Overview

GDEE Platform Banner

What is GDEE?

Gene Discovery and Enzyme Engineering (GDEE) is a comprehensive Python package that provides the functionality necessary to run the Gene Discovery and Enzyme Engineering Platform developed under the project ShikiFactory 100 (European Union’s Horizon 2020 research and innovation programme under grant agreement number 814408).

GDEE integrates multiple computational approaches for protein engineering, enabling researchers to design, model, and evaluate protein variants through automated workflows.

How do I install GDEE?

GDEE requires several external software dependencies and Python packages. Installation involves setting up both the computational tools and the Python environment.

Prerequisites

Before installing GDEE, you need to install the following external software:

  • MODELLER: Required for homology modeling (academic license needed)

  • AutoDock Vina: For molecular docking calculations

  • Smina: Alternative docking tool with Vinardo scoring

  • MGLTools: For structure preparation and PDBQT file generation

  • VoroMQA: Optional, for model quality assessment using Voronoi analysis

Python Package Installation

GDEE can be installed directly from the source:

cd gdee/package
pip install .

Dependencies

GDEE automatically installs the following Python dependencies:

  • numpy (≥1.14) - Numerical computations

  • mdanalysis (≥0.20) - Molecular structure analysis

  • mpi4py (≥3.0) - Parallel computing support

  • path.py (≥13.0) - Enhanced path operations

  • biopython (≥1.75) - Biological sequence handling

  • oddt (≥0.7) - Cheminformatics toolkit

  • openbabel-wheel (≥3.1.1.1) - Molecular file format conversions

  • six (≥1.17.0) - Python 2 and 3 compatibility

  • scipy (==1.9.0) - Scientific computing

For detailed installation instructions, see the Installation and Setup guide.

How can I use GDEE?

GDEE provides a high-level Python interface through the ProteinEngineering class.

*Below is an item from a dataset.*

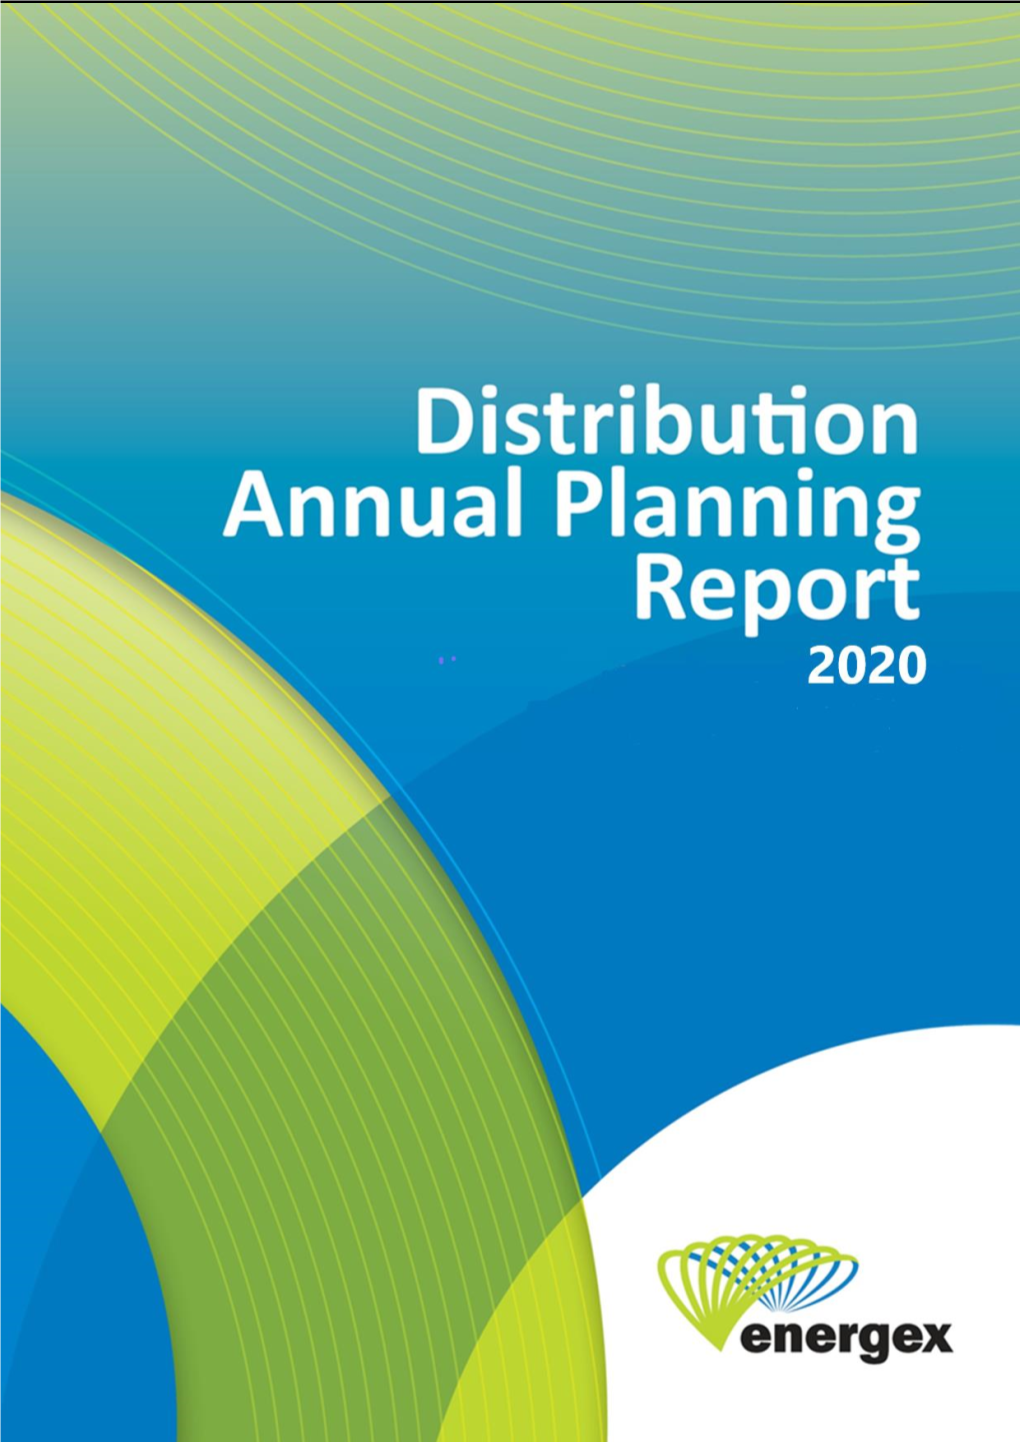 Distribution Annual Planning Report 2020

Here’s a basic workflow example:

Basic Usage Example

from gdee import ProteinEngineering

# Initialize the protein engineering platform
engineer = ProteinEngineering("my_protein", "results.db")

# Set the template PDB structure
engineer.pdb = "template.pdb"

# Configure variant generation (mutation-based approach)
engineer.variant["name"] = "mutation"
engineer.variant["matrix"] = "blosum62"
engineer.variant["selection"] = "A:100 A:150 A:200"  # Residues to mutate
engineer.variant["max_iterations"] = 100
engineer.variant["conservative"] = True

# Configure modeling parameters
engineer.model["name"] = "modeller"
engineer.model["num_models"] = 5
engineer.model["optimize_level"] = 1

# Add ligand for docking
ligand = engineer.add_ligand("substrate", "ligand.pdbqt")
# Add distance measurement between cofactor and ligand using MDAnalysis selection syntax
ligand.add_measurement("cofactor-ligand", "distance",
                      "chainId A and resid 195 and name N4", "name C1")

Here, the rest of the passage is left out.